Em Morte em Veneza está em jogo o amor, concebido de uma forma platônica e quase assexuada, entre um compositor de meia idade e um adolescente. É evidente que a questão homossexual está aqui colocada mas não podemos deixar que isto transforme o filme de Visconti em um filme "engajado". Como não lembrar aqui do trajeto de Aschenback, que ao se entregar cada vez mais à paixão que o domina - e que ele sabe poder levar à morte - faz um paralelo magistral entre sua ascensão ao mundo dos sentidos, e portanto contrário a todos os rígidos princípios com os quais havia estruturado sua vida e sua arte, e a destruição infecta de Veneza, que passa a se deteriorar às nossas vistas, com suas ruas e vielas sendo gradativamente tomadas pelos desinfetantes leitosos e pelas fogueiras de detritos. Como não poderia deixar de ser, culmina com a dissolução de sua própria imagem após o "rejuvenescimento" outorgado pelo barbeiro, que o transforma na imagem do velho que ele olhava com escárnio no começo do filme e do qual ele acaba se tornando um pálido duplo imperfeito. Tornando-se um simulacro de si mesmo, uma imagem de seus fantasmas, dissolve-se como Veneza, tomados ambos pelas suas próprias pragas e chagas que lhes destroem a dignidade, a segurança e, em seu caso, também a vida, quando "cai" no amor. Nada mais contundente do que sua própria dissolução, junto com sua imagem, na cena final do filme. Sentado na cadeira de praia onde chegou já cambaleante, o calor do amor que o sufocou aparece também como aquele que dissolve a tinta de seus cabelos, que escorre pelo seu rosto enquanto ele olha pela última vez o ser amado e desejado.
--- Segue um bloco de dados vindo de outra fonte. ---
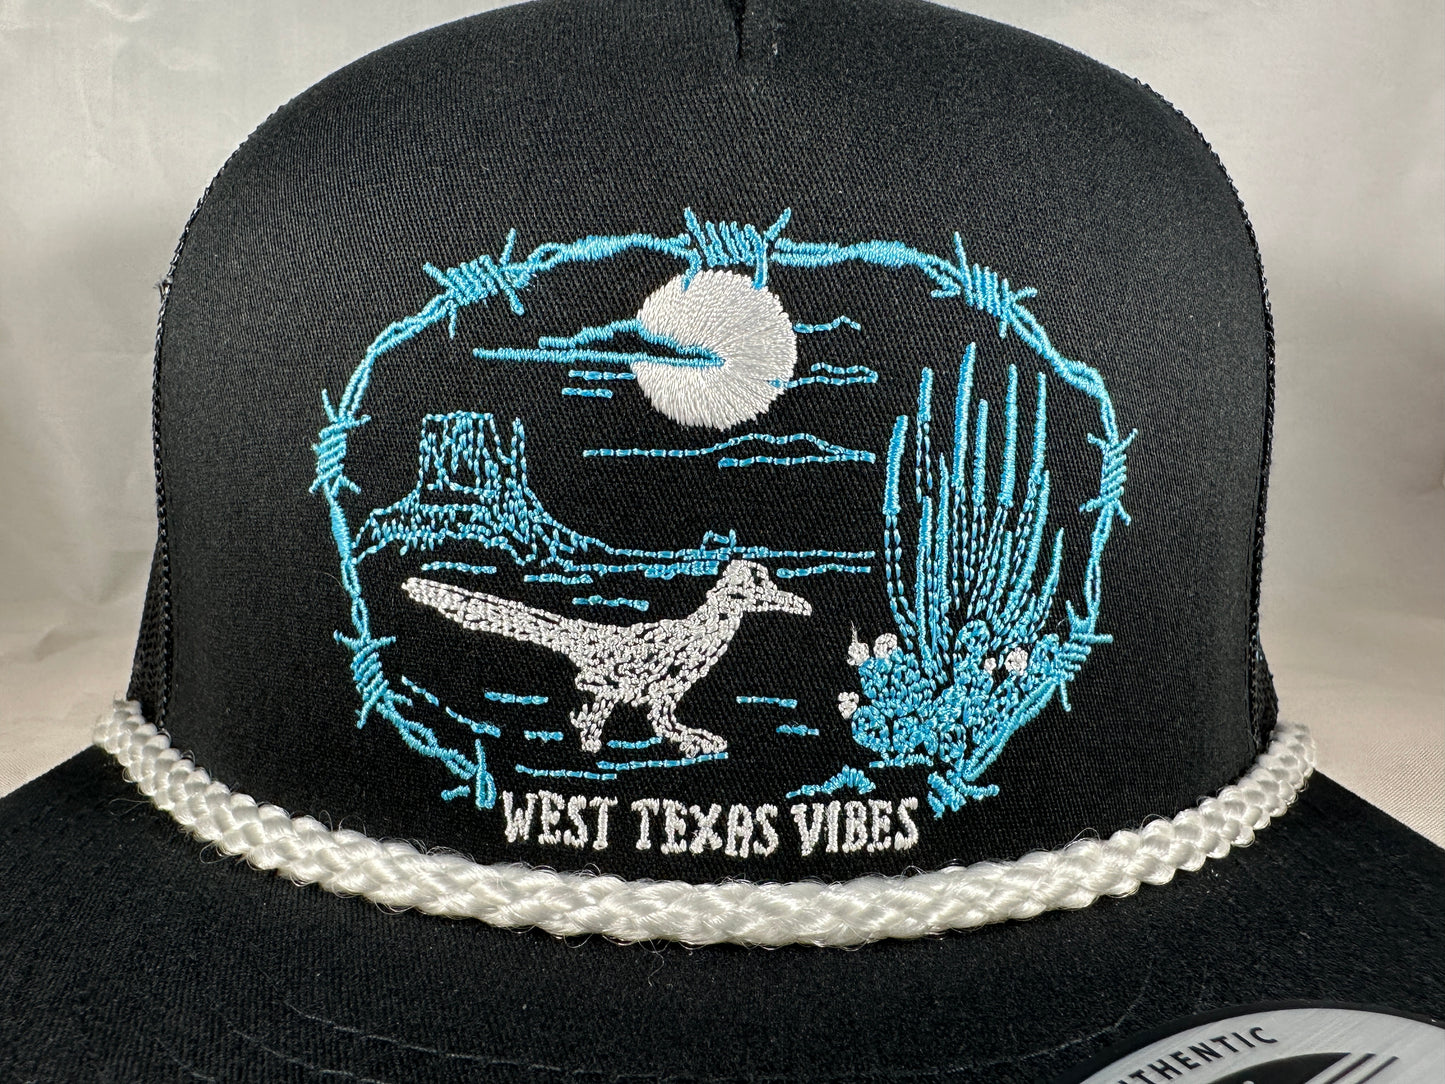 West Texas Vibes - Black/Black Mesh

Último Tango em Paris aprofunda estes questionamentos, em direção às possibilidades e dificuldades de se construir o novo no meio do velho. Sua cena mais famosa, que marcou a década e o imaginário de toda uma geração, "a cena da manteiga", merece ser reavaliada aos olhos já um pouco distantes de hoje. Cena que retrata como nenhuma as possibilidades ambíguas que podem assumir as imagens do cinema, é lida das mais variadas maneiras.
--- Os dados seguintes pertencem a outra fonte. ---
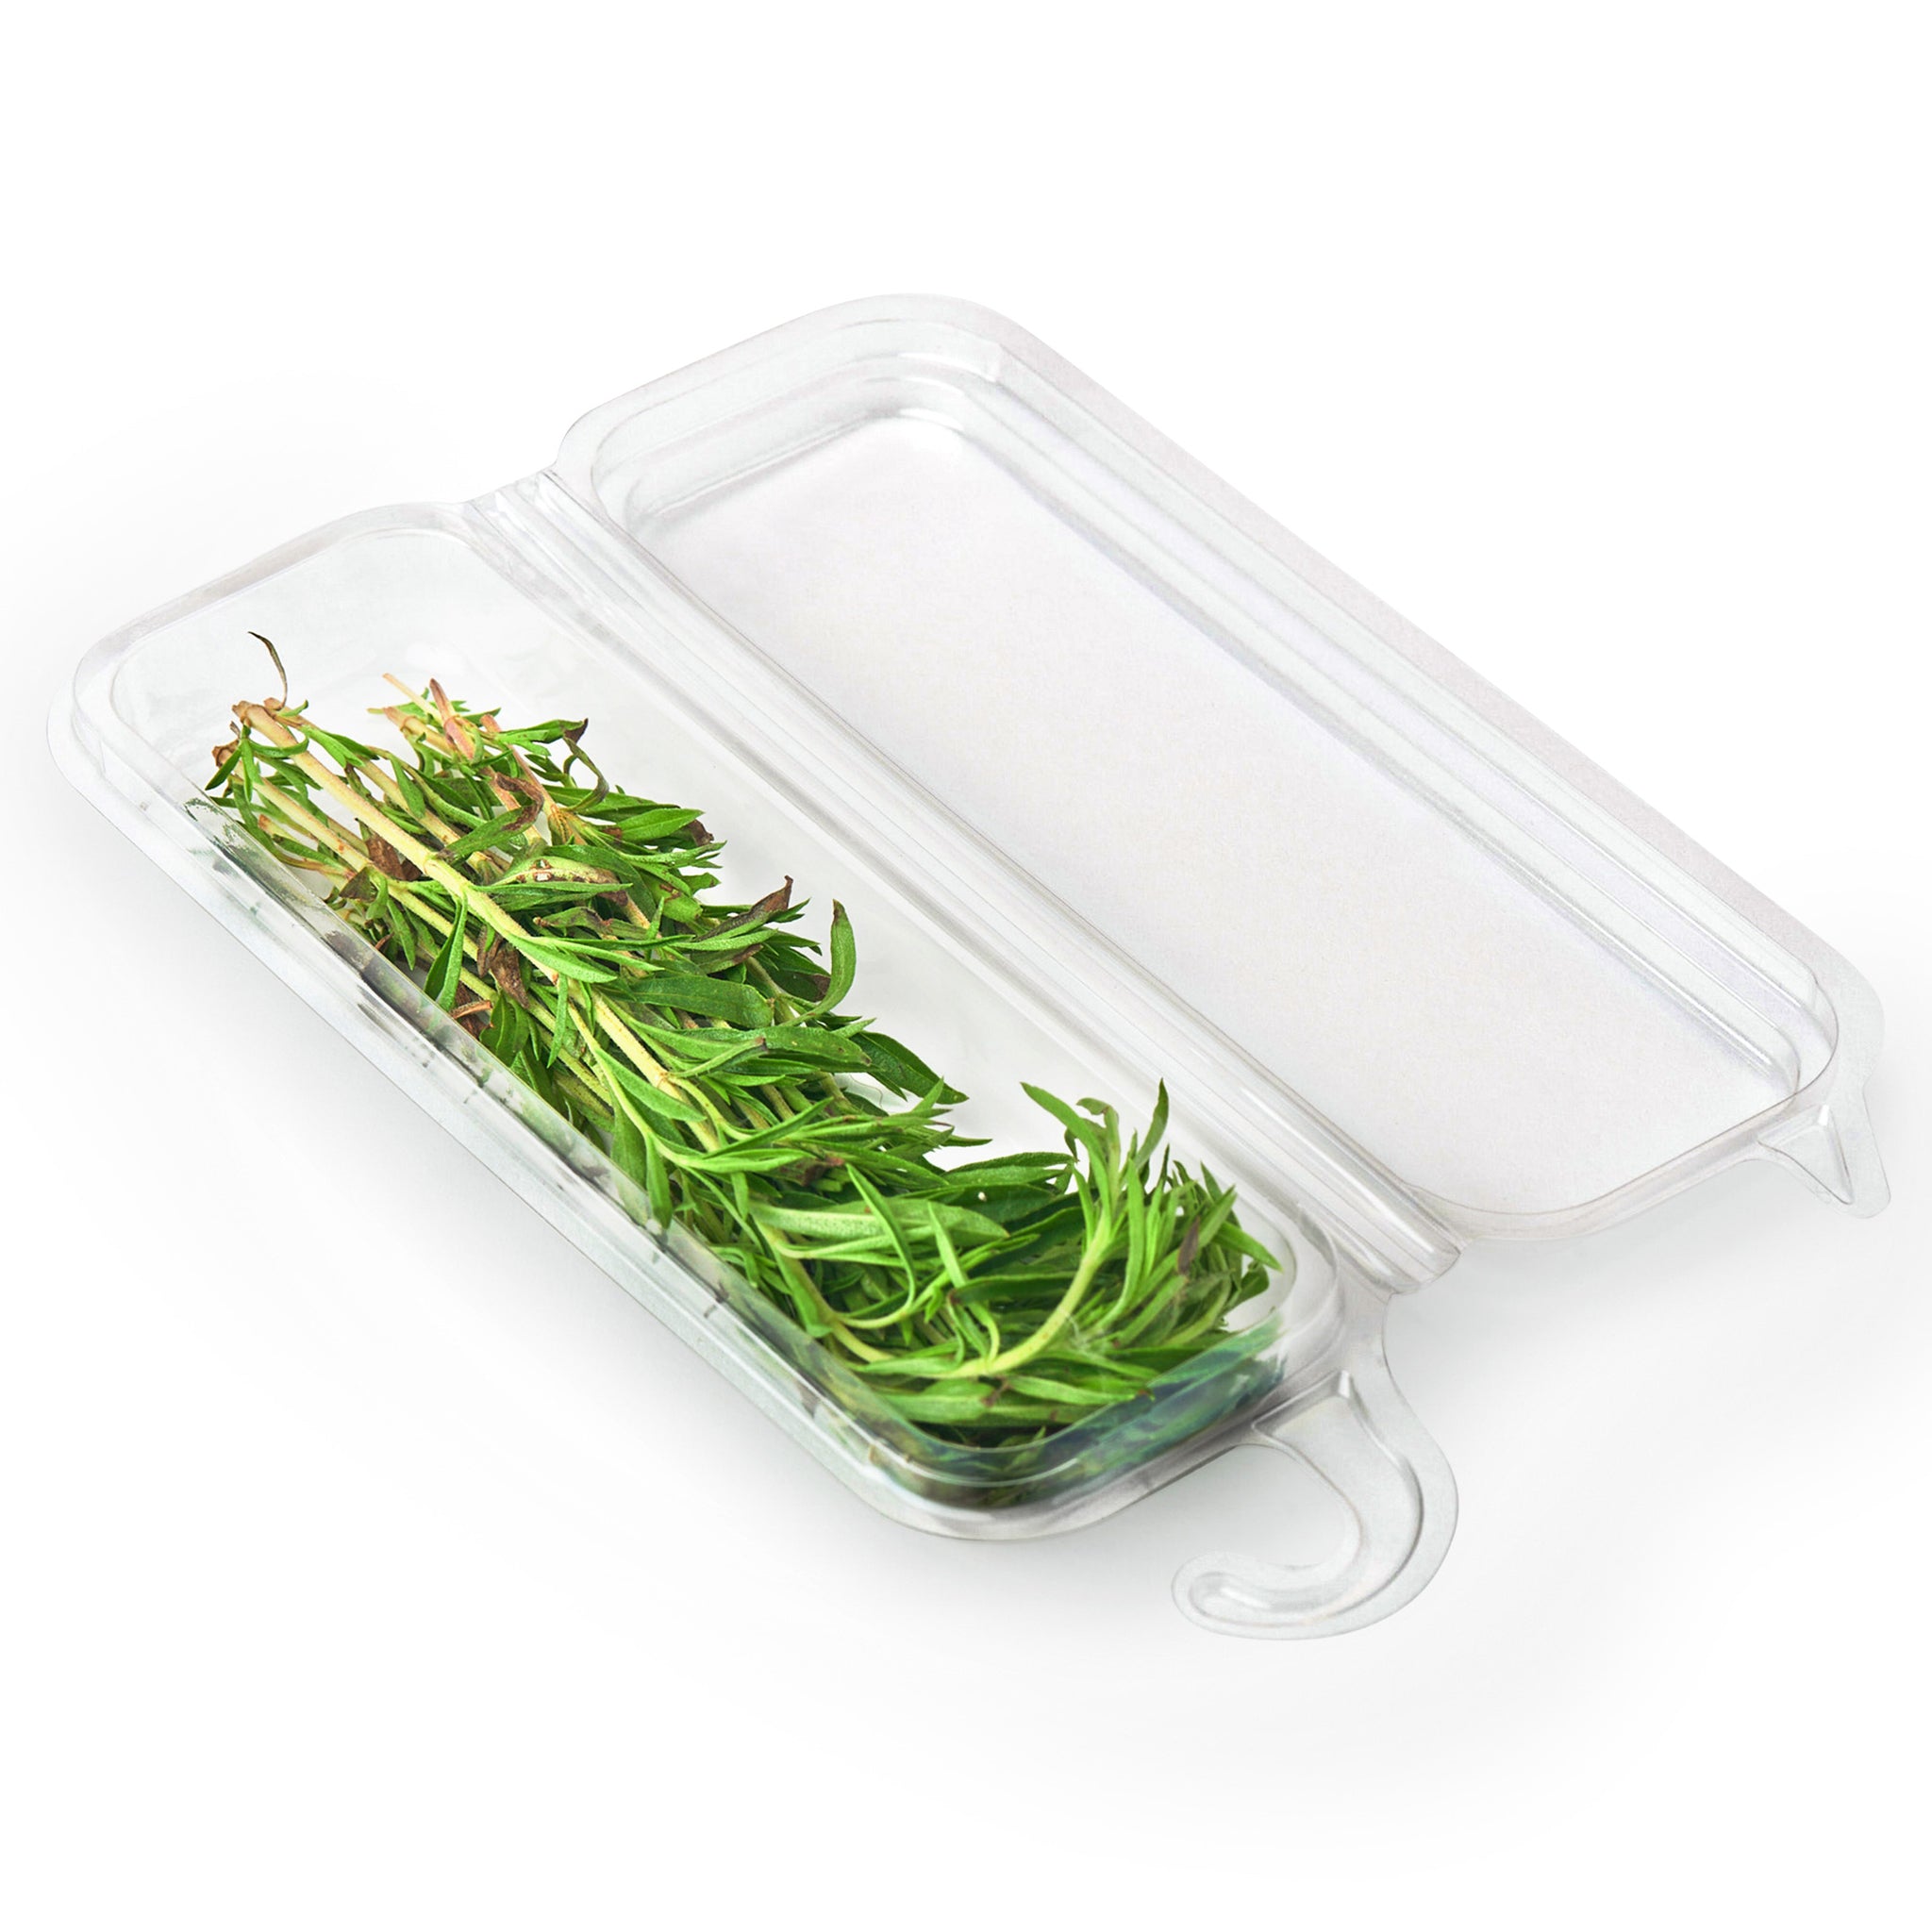 0.25 oz. Hanging Fresh Herb & Microgreen Package 0325

Aos nossos olhos, as imagens em si mesmas não parecem criar mais muitas estranhezas. Afinal, Marlon Brando está todo vestido e Maria Schneider tem suas calças um pouco abaixadas, até mais ou menos o meio das nádegas, o que faz esta cena começar de uma maneira muito menos ousada que a maioria das novelas que acostumaram o nosso olhar nestes últimos anos. Talvez o toque de estranheza seja realmente a manteiga, não exatamente um lubrificante costumeiro para este tipo de situação. Mas não podemos nos esquecer que, apesar de a maioria das pessoas se lembrarem apenas da "manteiga", as palavras que ele profere durante aquele ato são sujeitos de violação muito maior que o ato físico em si. Num certo momento ficamos em dúvida sobre o que realmente faz Jeanne chorar em um dado momento, se é realmente a penetração anal física a que é submetida ou se é a penetração auditiva moral que a invadiu, esta sim, de maneira insuspeita e sem mediações. E devemos lembrar que as feministas nunca perdoaram Bertolucci pela cena que se segue, onde ela aparece com o rosto todo alegrinho e sorridente chamando Marlon Brando, que descansava, para lhe dar um choque na tomada da vitrola. O fato de ela ter ficado com ele e continuado com aquele relacionamento legitima de maneira contundente a aparente "violação" a que tinha supostamente sido "submetida", seja ela física ou moral. Da mesma forma que nos obriga a olhar para os nossos próprios valores e preconceitos, para a nossa própria moralidade insuspeita.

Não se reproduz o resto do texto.